= Presidential elections in South Korea =

Since the establishment of the First Republic in 1948, there have been 22 elections for president of South Korea (including the March 1960 election, whose results were invalidated after the April Revolution).

Prior to the Presidential Election Act of 1987, the elections were indirect. Since 1987, the president is elected directly by the public using plurality-with-primaries in a single, non-renewable five-year term.

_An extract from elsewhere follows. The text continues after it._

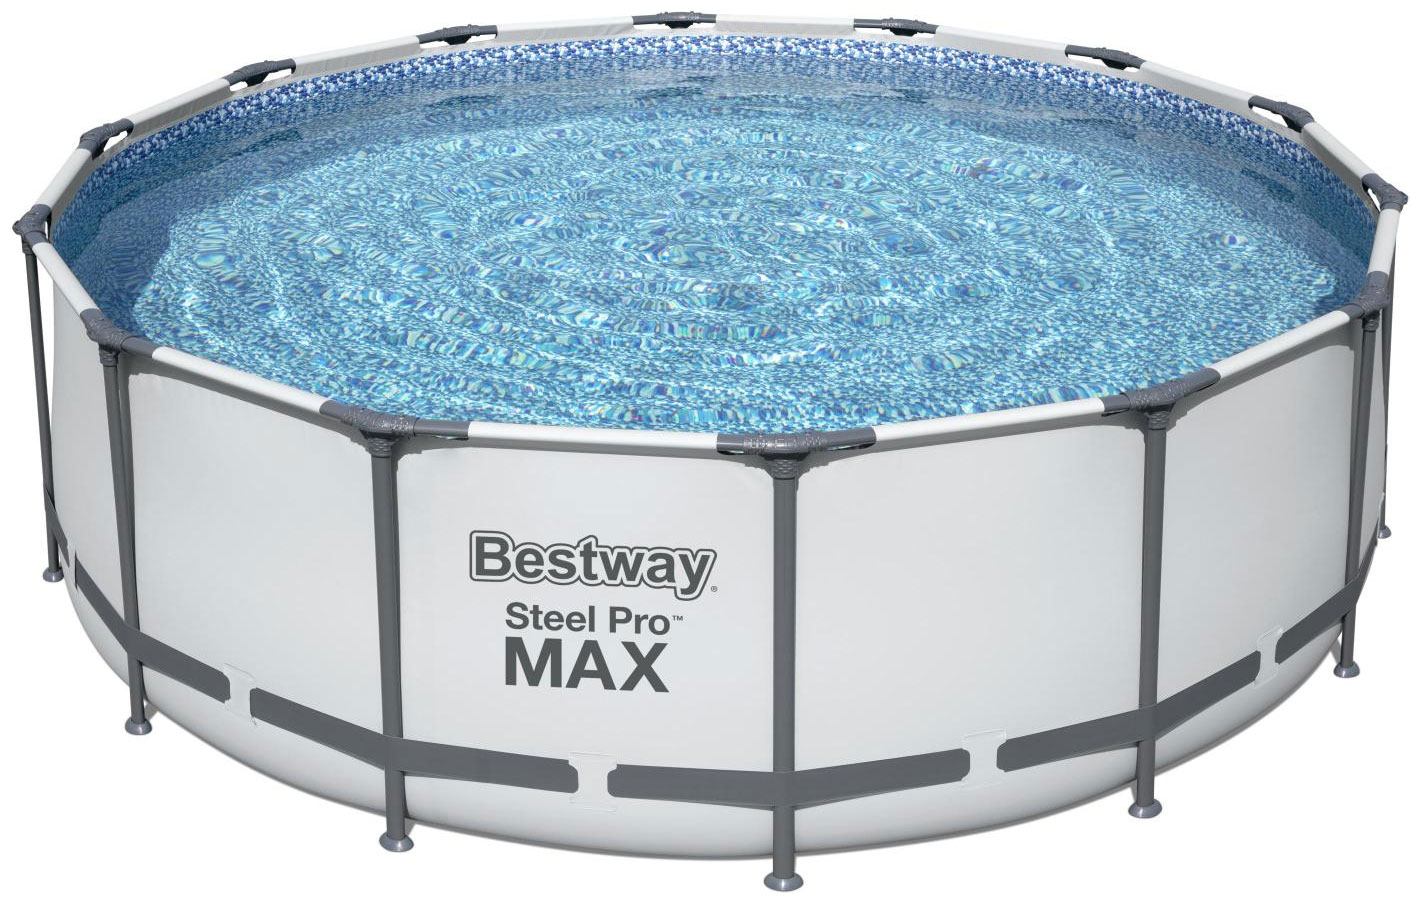 Бассейн BestWay 5612X BW Steel Pro Max 427х122 см, 15232 л бассейн bestway steel pro max 427х122cm 5612x

== Procedure (1987–present) ==
The presidential election rules are defined by the South Korean Constitution and the Public Official Election Act.

=== Election campaign ===
The election campaign period, as set by the Election Law, is short – 23 days. According to the book Internet Election Campaigns in the United States, Japan, South Korea, and Taiwan, the election campaign periods in Korea (23 days for presidential elections and 14 days for National Assembly elections) were made intentionally short in order to "prevent excessive campaign spending for long-running election campaigns and harmful effects from overheated elections", but, on the downside, "this works against new candidates who are not well known".

=== Popular vote ===
The president is elected by direct popular vote, It is conducted in a single round on a first-past-the-post basis.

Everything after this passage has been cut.